Masalah hukum pada lingkup pertanahan dan properti tidak ada habisnya, apa lagi terhadap tanah kosong yang ditinggal pemiliknya atau tanah yang bukti kepemilikan atau peralihannya masih berupa AJB (Akta Jual Beli). Persoalan yang sering muncul terhadap tanah tersebut munculnya pihak tandingan yang mengklaim sebagai pemilik bahkan mungkin sedang mengajukan permohonan penerbitan sertifikat di BPN setempat. Bagaimana solusinya?
Undang-Undang Nomor 05 Tahun 1960 tentang Peraturan Dasar Pokok-Pokok Agraria (UUPA) telah mengatur kewajiban setiap orang yang memiliki hak atas sebidang tanah untuk melakukan pendaftaran/pensertifikatan di Kantor Pertanahan setempat. Tujuannya adalah untuk melindungi hak si pemilik dan untuk menghindari potensi permasalahan hukum di kemudian hari seperti yang dijelaskan sebelumnya.
Namun dalam prakteknya, masyarakat masih banyak yang tidak memperhatikan aspek legal kepemilikan tanah.
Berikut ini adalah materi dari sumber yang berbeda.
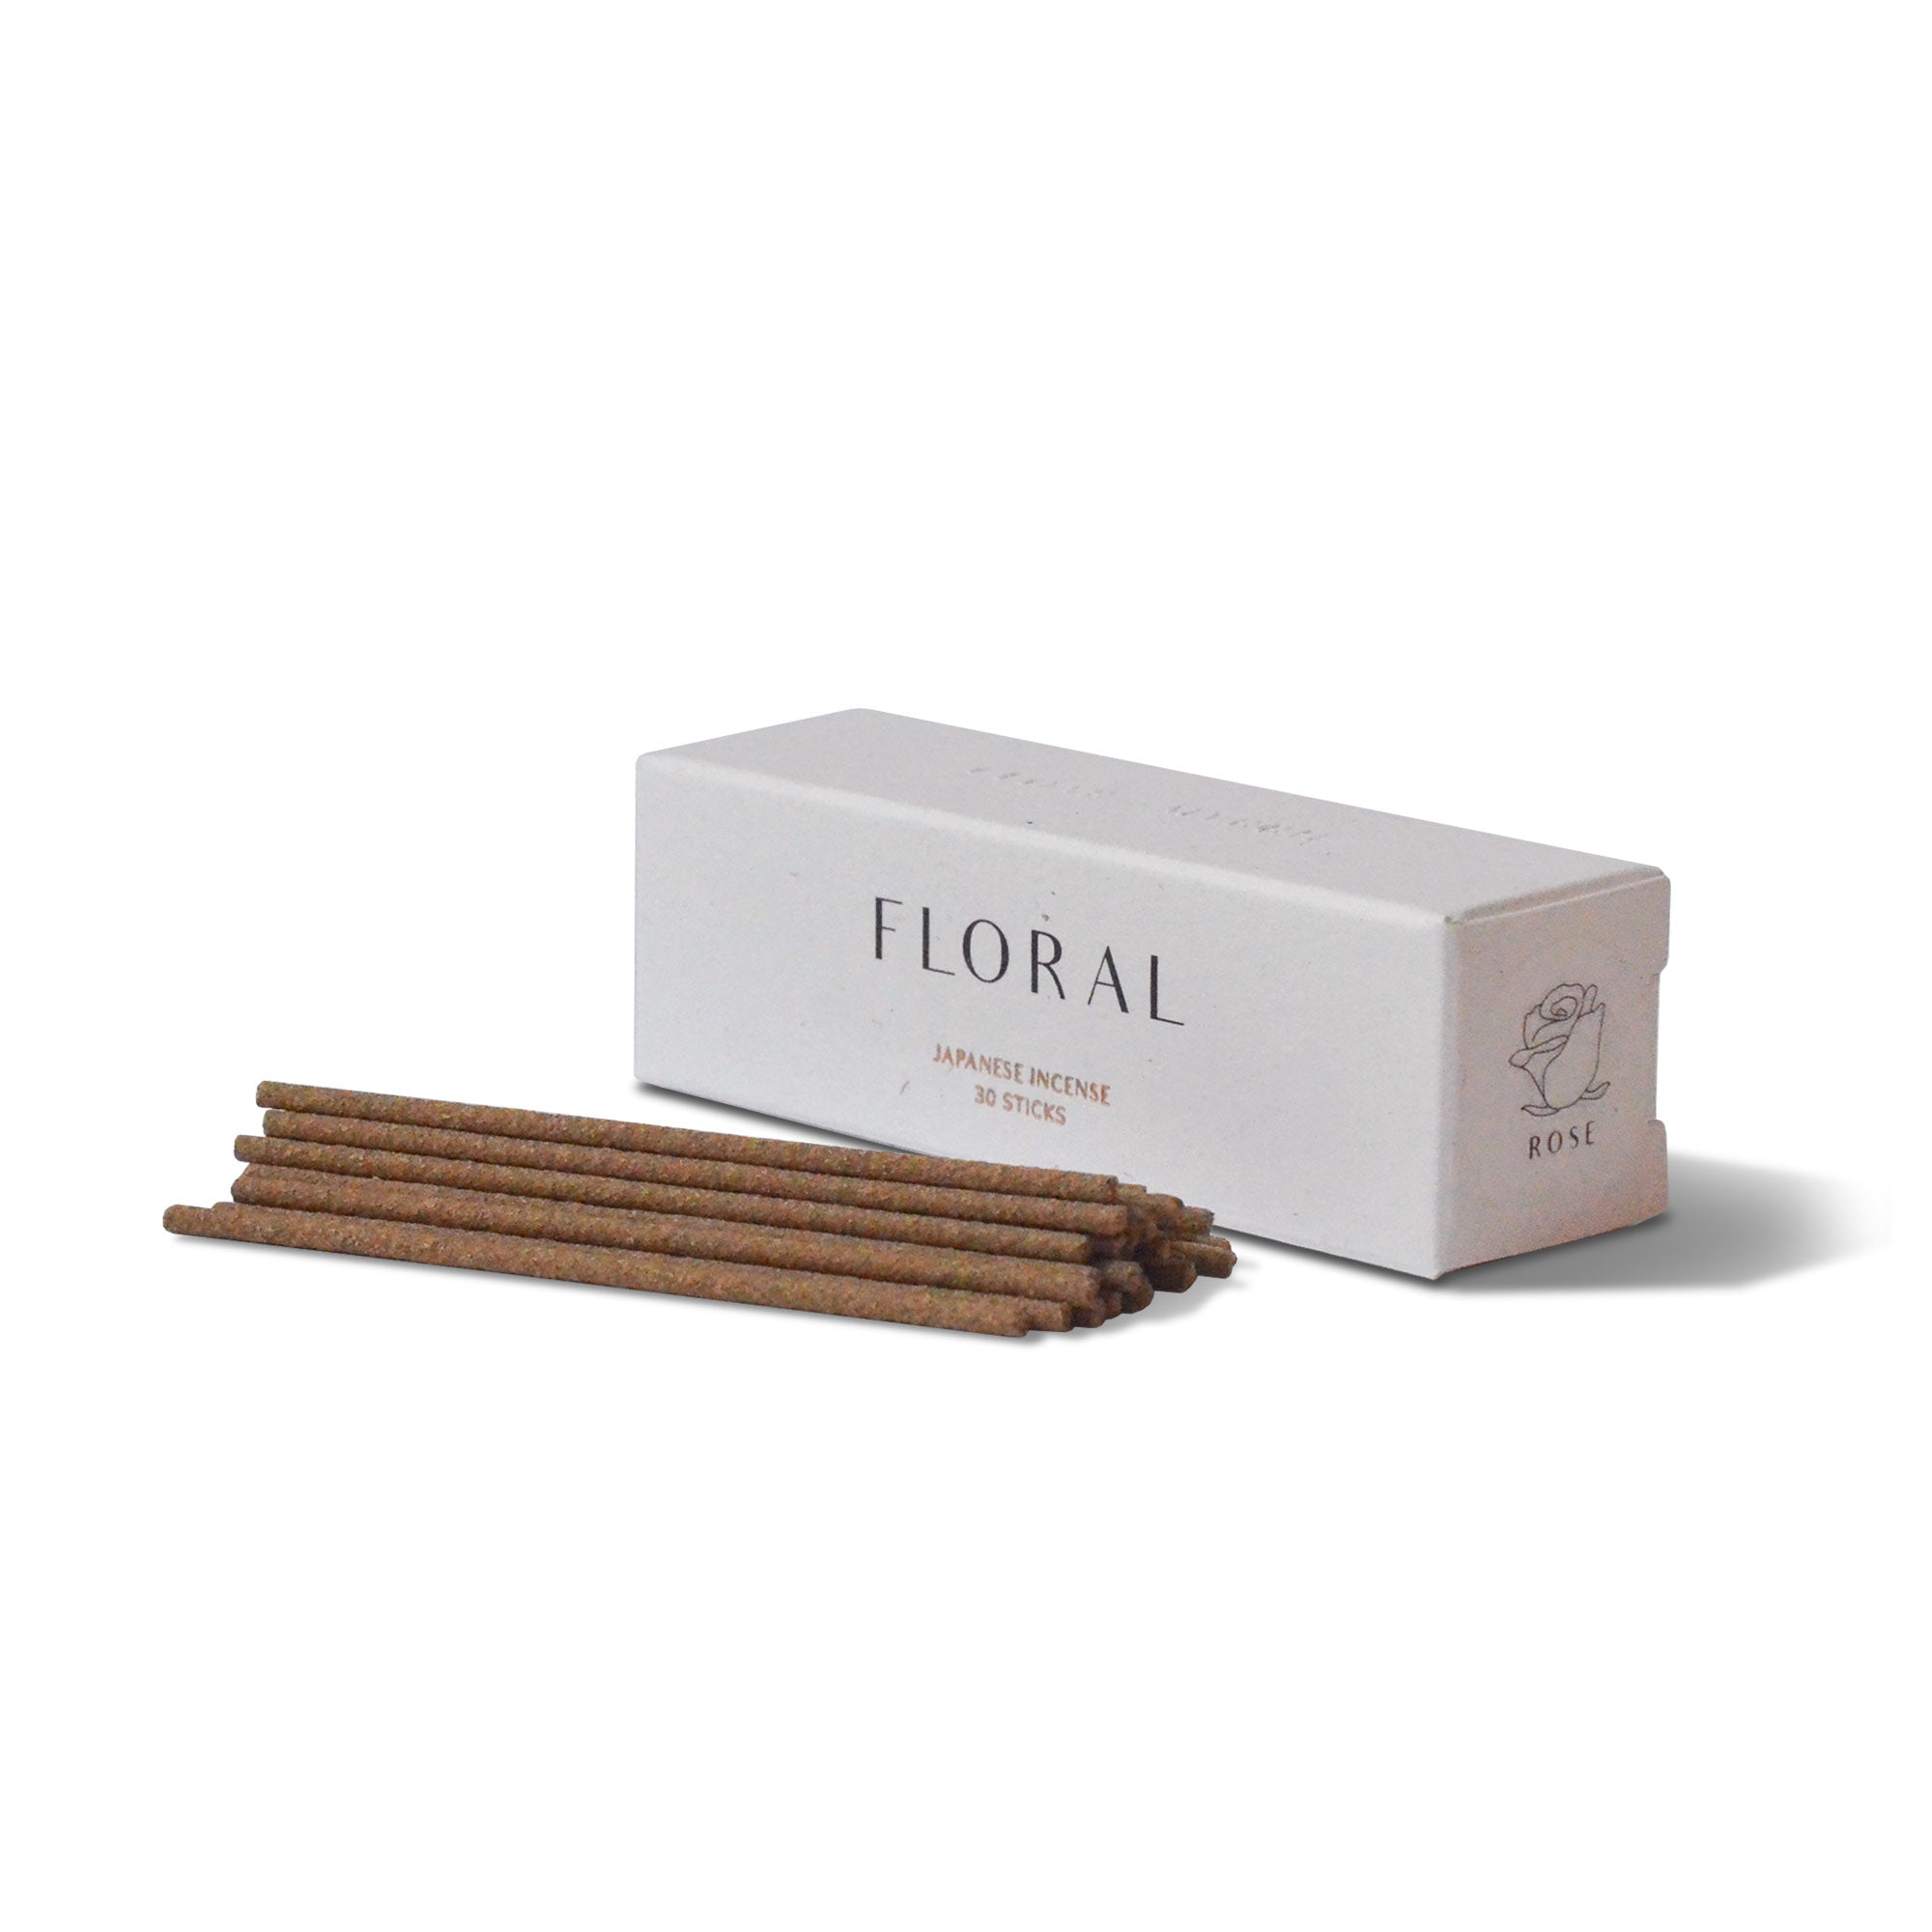 Rose Japanese Incense with a package

Bahkan, terkadang hanya bermodalkan kwitansi, sehingga tidak heran jika dikemudian hari muncul sengketa seperti munculnya pihak tandingan yang mengklaim bahkan sudah mengajukan permohonan penerbitan sertifikat di BPN setempat.
Dalam kasus tersebut, kekuatan pembuktian secara formil sangat dibutuhkan seperti keaslian bukti pembayaran, keaslian AJB, saksi-saksi, foto-foto, bukti penguasaan fisik, dll. Setelah yakin dengan kekuatan pembuktian, barulah memikirkan langkah hukum yang dimulai dari ajakan musyawarah. Pada tahap ini kedua pihak saling ujuk argumentasi dan menyampaikan bukti-bukti. Selain itu dibutuhkan sikap tenang sampai diketahui akar permasalahan yang bisa jadi karena adanya penipuan yang dilakukan oleh penjual kepada pihak lawan.
Jika upaya musyawarah telah maksimal dan tidak ada kemungkinan kata sepakat yang menguntungkan kita, maka langkah selanjutnya adalah mengajukan keberatan atau pemblokiran sertifikat di kantor pertanahan setempat. Pengajuan pemblokiran harus disertai dengan bukti-bukti dan kronologi/riwayat tanah yang menjadi objek sengketa tersebut.
Keputusan menerima atau menolak permohonan pemblokiran oleh Kantor Pertanahan setempat sangat tergantung pada bukti-bukti dan kronologi/riwayat tanah yang diserahkan. Perlu dicatat bahwa bila jangka waktu penerimaan pemblokiran hanya 30 (tiga puluh) hari. Bila sengketa belum selesai dan ada keinginan untuk memperpanjang pemblokiran, maka diperlukan status bahwa perkara tersebut telah didaftarkan pada Pengadilan Negeri setempat sesuai dengan nomor register perkara yang telah terdaftar. Artinya, harus segera lakukan gugatan di Pengadilan dan memberitahukannya kepada Kantor Pertanahan setempat. Hal lain yang perlu diingat adalah bahwa Kantor Pertanahan tidak memutuskan siapa yang paling berhak atau paling sah karena hal tersebut adalah kewenangan Pengadilan Negeri. Oleh karenanya, kantor pertanahan akan otomatis tunduk pada hasil putusan pengadilan yang telah berkekuatan hukum tetap sesuai dictum (bunyi putusan) yang tercatat dalam putusan pengadilan tersebut tanpa terkecuali.